§ **The problem**: The data must be given again in full, with no line altered.

§ **Supplied records**:
++++++

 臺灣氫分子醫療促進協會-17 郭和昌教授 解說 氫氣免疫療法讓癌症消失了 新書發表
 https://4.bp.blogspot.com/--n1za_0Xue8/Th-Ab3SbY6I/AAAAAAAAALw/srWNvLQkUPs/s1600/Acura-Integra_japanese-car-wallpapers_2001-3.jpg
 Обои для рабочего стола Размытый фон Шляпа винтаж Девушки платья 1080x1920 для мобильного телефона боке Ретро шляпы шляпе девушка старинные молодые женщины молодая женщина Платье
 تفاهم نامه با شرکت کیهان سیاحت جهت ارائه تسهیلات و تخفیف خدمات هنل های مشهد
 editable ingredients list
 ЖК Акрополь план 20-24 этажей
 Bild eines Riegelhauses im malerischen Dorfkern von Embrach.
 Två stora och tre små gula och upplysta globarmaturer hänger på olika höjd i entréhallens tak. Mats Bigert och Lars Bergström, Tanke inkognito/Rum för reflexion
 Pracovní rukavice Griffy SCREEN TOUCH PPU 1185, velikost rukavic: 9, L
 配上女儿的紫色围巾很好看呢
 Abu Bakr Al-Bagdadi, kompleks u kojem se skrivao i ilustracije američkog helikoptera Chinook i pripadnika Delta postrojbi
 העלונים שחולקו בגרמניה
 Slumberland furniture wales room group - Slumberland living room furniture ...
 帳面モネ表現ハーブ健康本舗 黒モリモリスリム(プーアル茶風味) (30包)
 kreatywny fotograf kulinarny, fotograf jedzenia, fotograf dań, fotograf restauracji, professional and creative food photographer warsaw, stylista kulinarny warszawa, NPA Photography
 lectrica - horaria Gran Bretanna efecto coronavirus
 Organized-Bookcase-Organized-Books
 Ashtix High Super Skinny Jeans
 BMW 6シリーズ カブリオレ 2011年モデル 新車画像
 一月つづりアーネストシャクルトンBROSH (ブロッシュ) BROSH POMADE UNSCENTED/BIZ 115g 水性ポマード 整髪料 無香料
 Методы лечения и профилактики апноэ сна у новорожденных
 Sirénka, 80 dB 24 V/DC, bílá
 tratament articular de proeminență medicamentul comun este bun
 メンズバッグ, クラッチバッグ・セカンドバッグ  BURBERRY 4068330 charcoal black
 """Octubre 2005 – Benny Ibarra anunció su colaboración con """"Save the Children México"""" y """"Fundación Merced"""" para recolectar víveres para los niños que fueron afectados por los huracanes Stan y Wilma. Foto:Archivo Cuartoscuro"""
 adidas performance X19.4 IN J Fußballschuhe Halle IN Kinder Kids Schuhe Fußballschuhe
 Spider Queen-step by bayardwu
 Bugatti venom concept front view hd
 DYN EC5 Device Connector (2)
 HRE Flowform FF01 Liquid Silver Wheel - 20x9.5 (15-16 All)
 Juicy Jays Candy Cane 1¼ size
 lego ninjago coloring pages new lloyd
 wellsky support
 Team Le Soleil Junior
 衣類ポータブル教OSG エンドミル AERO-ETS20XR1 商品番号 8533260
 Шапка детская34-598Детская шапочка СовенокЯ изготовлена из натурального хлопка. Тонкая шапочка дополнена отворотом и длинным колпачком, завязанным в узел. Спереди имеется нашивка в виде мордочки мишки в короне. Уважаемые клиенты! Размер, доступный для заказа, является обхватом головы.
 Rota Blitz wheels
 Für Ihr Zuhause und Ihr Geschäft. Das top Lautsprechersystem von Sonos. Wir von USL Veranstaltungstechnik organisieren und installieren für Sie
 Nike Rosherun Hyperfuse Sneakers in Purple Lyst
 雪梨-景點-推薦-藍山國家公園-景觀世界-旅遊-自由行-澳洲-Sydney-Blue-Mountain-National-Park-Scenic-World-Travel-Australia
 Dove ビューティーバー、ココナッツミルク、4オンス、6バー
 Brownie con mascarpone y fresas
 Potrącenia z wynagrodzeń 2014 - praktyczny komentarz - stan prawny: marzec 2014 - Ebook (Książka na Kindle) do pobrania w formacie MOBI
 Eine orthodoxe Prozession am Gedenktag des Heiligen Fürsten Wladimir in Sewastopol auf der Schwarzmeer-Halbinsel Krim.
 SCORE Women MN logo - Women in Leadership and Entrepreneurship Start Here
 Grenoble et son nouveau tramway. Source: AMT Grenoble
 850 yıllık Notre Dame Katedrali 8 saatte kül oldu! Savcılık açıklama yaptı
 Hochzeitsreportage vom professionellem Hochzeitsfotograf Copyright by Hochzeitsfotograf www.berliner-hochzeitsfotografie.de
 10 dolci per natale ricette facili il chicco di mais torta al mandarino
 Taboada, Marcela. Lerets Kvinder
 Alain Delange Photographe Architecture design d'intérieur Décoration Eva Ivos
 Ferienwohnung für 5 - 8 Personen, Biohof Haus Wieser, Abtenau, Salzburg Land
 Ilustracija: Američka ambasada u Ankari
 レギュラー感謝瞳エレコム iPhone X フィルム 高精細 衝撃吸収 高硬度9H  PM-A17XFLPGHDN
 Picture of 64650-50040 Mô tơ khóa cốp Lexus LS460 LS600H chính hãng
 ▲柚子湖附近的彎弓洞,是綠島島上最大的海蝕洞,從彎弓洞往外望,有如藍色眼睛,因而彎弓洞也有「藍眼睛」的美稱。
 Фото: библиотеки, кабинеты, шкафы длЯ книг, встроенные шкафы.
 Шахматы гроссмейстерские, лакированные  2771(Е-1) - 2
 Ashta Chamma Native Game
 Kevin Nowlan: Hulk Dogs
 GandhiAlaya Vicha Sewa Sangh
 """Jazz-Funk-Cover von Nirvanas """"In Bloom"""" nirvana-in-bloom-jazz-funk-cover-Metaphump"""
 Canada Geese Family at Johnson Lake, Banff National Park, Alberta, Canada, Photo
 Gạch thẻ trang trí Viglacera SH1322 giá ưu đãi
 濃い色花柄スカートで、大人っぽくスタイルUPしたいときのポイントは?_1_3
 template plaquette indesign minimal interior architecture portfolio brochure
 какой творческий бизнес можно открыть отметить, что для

++++++

§ **Expected answer**:
 臺灣氫分子醫療促進協會-17 郭和昌教授 解說 氫氣免疫療法讓癌症消失了 新書發表
 https://4.bp.blogspot.com/--n1za_0Xue8/Th-Ab3SbY6I/AAAAAAAAALw/srWNvLQkUPs/s1600/Acura-Integra_japanese-car-wallpapers_2001-3.jpg
 Обои для рабочего стола Размытый фон Шляпа винтаж Девушки платья 1080x1920 для мобильного телефона боке Ретро шляпы шляпе девушка старинные молодые женщины молодая женщина Платье
 تفاهم نامه با شرکت کیهان سیاحت جهت ارائه تسهیلات و تخفیف خدمات هنل های مشهد
 editable ingredients list
 ЖК Акрополь план 20-24 этажей
 Bild eines Riegelhauses im malerischen Dorfkern von Embrach.
 Två stora och tre små gula och upplysta globarmaturer hänger på olika höjd i entréhallens tak. Mats Bigert och Lars Bergström, Tanke inkognito/Rum för reflexion
 Pracovní rukavice Griffy SCREEN TOUCH PPU 1185, velikost rukavic: 9, L
 配上女儿的紫色围巾很好看呢
 Abu Bakr Al-Bagdadi, kompleks u kojem se skrivao i ilustracije američkog helikoptera Chinook i pripadnika Delta postrojbi
 העלונים שחולקו בגרמניה
 Slumberland furniture wales room group - Slumberland living room furniture ...
 帳面モネ表現ハーブ健康本舗 黒モリモリスリム(プーアル茶風味) (30包)
 kreatywny fotograf kulinarny, fotograf jedzenia, fotograf dań, fotograf restauracji, professional and creative food photographer warsaw, stylista kulinarny warszawa, NPA Photography
 lectrica - horaria Gran Bretanna efecto coronavirus
 Organized-Bookcase-Organized-Books
 Ashtix High Super Skinny Jeans
 BMW 6シリーズ カブリオレ 2011年モデル 新車画像
 一月つづりアーネストシャクルトンBROSH (ブロッシュ) BROSH POMADE UNSCENTED/BIZ 115g 水性ポマード 整髪料 無香料
 Методы лечения и профилактики апноэ сна у новорожденных
 Sirénka, 80 dB 24 V/DC, bílá
 tratament articular de proeminență medicamentul comun este bun
 メンズバッグ, クラッチバッグ・セカンドバッグ  BURBERRY 4068330 charcoal black
 """Octubre 2005 – Benny Ibarra anunció su colaboración con """"Save the Children México"""" y """"Fundación Merced"""" para recolectar víveres para los niños que fueron afectados por los huracanes Stan y Wilma. Foto:Archivo Cuartoscuro"""
 adidas performance X19.4 IN J Fußballschuhe Halle IN Kinder Kids Schuhe Fußballschuhe
 Spider Queen-step by bayardwu
 Bugatti venom concept front view hd
 DYN EC5 Device Connector (2)
 HRE Flowform FF01 Liquid Silver Wheel - 20x9.5 (15-16 All)
 Juicy Jays Candy Cane 1¼ size
 lego ninjago coloring pages new lloyd
 wellsky support
 Team Le Soleil Junior
 衣類ポータブル教OSG エンドミル AERO-ETS20XR1 商品番号 8533260
 Шапка детская34-598Детская шапочка СовенокЯ изготовлена из натурального хлопка. Тонкая шапочка дополнена отворотом и длинным колпачком, завязанным в узел. Спереди имеется нашивка в виде мордочки мишки в короне. Уважаемые клиенты! Размер, доступный для заказа, является обхватом головы.
 Rota Blitz wheels
 Für Ihr Zuhause und Ihr Geschäft. Das top Lautsprechersystem von Sonos. Wir von USL Veranstaltungstechnik organisieren und installieren für Sie
 Nike Rosherun Hyperfuse Sneakers in Purple Lyst
 雪梨-景點-推薦-藍山國家公園-景觀世界-旅遊-自由行-澳洲-Sydney-Blue-Mountain-National-Park-Scenic-World-Travel-Australia
 Dove ビューティーバー、ココナッツミルク、4オンス、6バー
 Brownie con mascarpone y fresas
 Potrącenia z wynagrodzeń 2014 - praktyczny komentarz - stan prawny: marzec 2014 - Ebook (Książka na Kindle) do pobrania w formacie MOBI
 Eine orthodoxe Prozession am Gedenktag des Heiligen Fürsten Wladimir in Sewastopol auf der Schwarzmeer-Halbinsel Krim.
 SCORE Women MN logo - Women in Leadership and Entrepreneurship Start Here
 Grenoble et son nouveau tramway. Source: AMT Grenoble
 850 yıllık Notre Dame Katedrali 8 saatte kül oldu! Savcılık açıklama yaptı
 Hochzeitsreportage vom professionellem Hochzeitsfotograf Copyright by Hochzeitsfotograf www.berliner-hochzeitsfotografie.de
 10 dolci per natale ricette facili il chicco di mais torta al mandarino
 Taboada, Marcela. Lerets Kvinder
 Alain Delange Photographe Architecture design d'intérieur Décoration Eva Ivos
 Ferienwohnung für 5 - 8 Personen, Biohof Haus Wieser, Abtenau, Salzburg Land
 Ilustracija: Američka ambasada u Ankari
 レギュラー感謝瞳エレコム iPhone X フィルム 高精細 衝撃吸収 高硬度9H  PM-A17XFLPGHDN
 Picture of 64650-50040 Mô tơ khóa cốp Lexus LS460 LS600H chính hãng
 ▲柚子湖附近的彎弓洞,是綠島島上最大的海蝕洞,從彎弓洞往外望,有如藍色眼睛,因而彎弓洞也有「藍眼睛」的美稱。
 Фото: библиотеки, кабинеты, шкафы длЯ книг, встроенные шкафы.
 Шахматы гроссмейстерские, лакированные  2771(Е-1) - 2
 Ashta Chamma Native Game
 Kevin Nowlan: Hulk Dogs
 GandhiAlaya Vicha Sewa Sangh
 """Jazz-Funk-Cover von Nirvanas """"In Bloom"""" nirvana-in-bloom-jazz-funk-cover-Metaphump"""
 Canada Geese Family at Johnson Lake, Banff National Park, Alberta, Canada, Photo
 Gạch thẻ trang trí Viglacera SH1322 giá ưu đãi
 濃い色花柄スカートで、大人っぽくスタイルUPしたいときのポイントは?_1_3
 template plaquette indesign minimal interior architecture portfolio brochure
 какой творческий бизнес можно открыть отметить, что для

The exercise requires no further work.